LOL. I wonder if Mr. Wright called CanyonWren a scoundrel like he did to me. LOL - See my post a couple of pages back. LOL
It's pretty bad that he didn't even bother to fix it after both of us telling him he had the typo.
The Cole post is too funny. You should post it right in the middle of the current discussion. LOL
That's why I'd like to see it posted in that thread. I'd love to see the Obama apologists see it.
Here's another call for a blue ribbon commission on torture.
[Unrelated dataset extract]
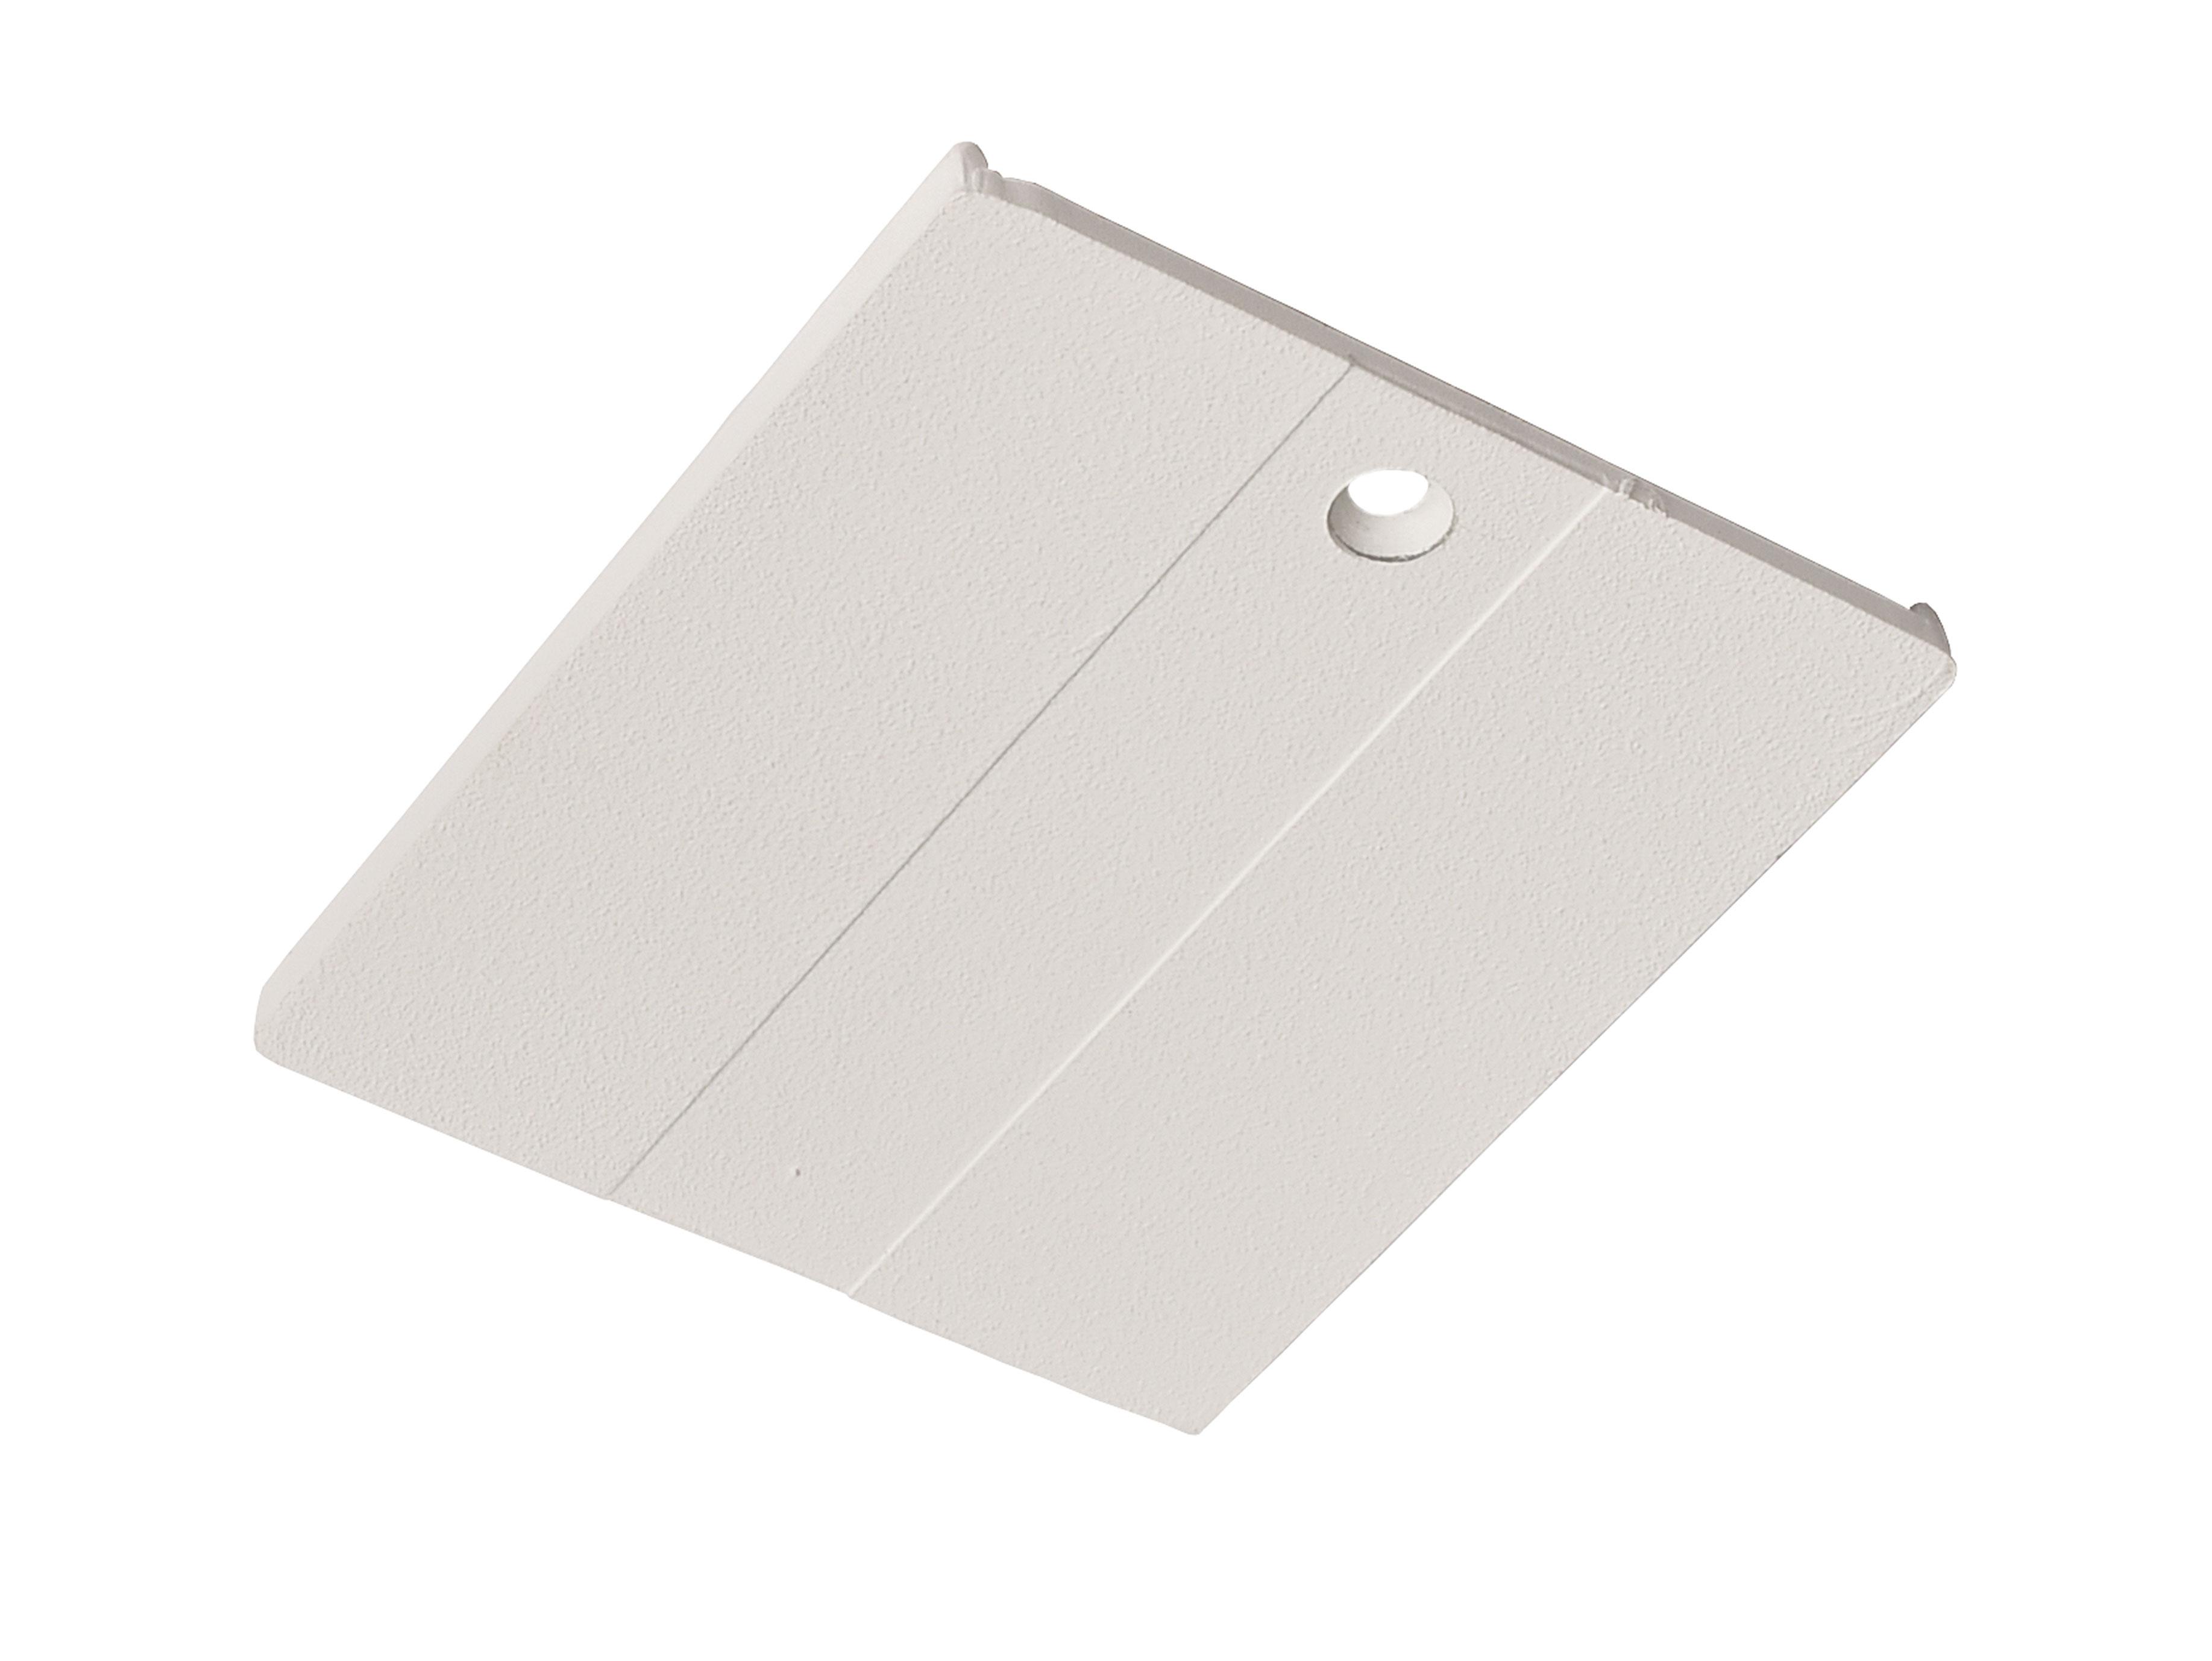 710072 Abdeckplatte Einspeiser

Feds Need Torture Commission NowCourtWatch: The President And Congress Should Set Up Bipartisan Panel To Understand Why Torture Occurred, If It Reached Goals Comment On This Post April 12, 2009 | by Andrew Cohen
[Snip]
Advocates on the left cringe when they hear the "I-word" - to them it smacks of capitulation, another example of government protecting itself from its own misconduct. But what, realistically, do human rights advocates believe is going to happen otherwise? What’s better - years of pre-trial hearings and appeals in a vain effort to bring John Yoo before a jury? Or hauling him in as early as this year, under penalty of perjury, before an inquisitive panel of experts? What’s worse? Hearing Vice President Dick Cheney use torture as a political issue with his dire (but cynically unspecific) warnings about how we are weaker now that we don’t degrade prisoners? Or a nationally-respected panel that has access to classified information, subpoena power, and near-universal heft?
http://www.cbsnews.com/stories/2009/04/12/opinion/courtwatch/main4937888.shtml
Good comments on the Cohen piece. I hope others will put in their 2 cents too.
http://www.cbsnews.com/stories/2009/04/12/opinion/courtwatch/main4937888.shtml
It should be very interesting to see the kind of self-serving, back peddling comments that will be made by our fearless leaders in Congress today, should anyone bother asking them their views about this NYT story. I hope if anyone sees any of these comments that they will post them here for all of us to ridicule.
And speaking of self-serving comments, did everyone see the interview with Armitage where he said that he hoped he would have had the "courage" to resign if he had known at the time about the Bush administration torture, while at the same time he was calling for no accountability for the torture crimes? It was nauseating.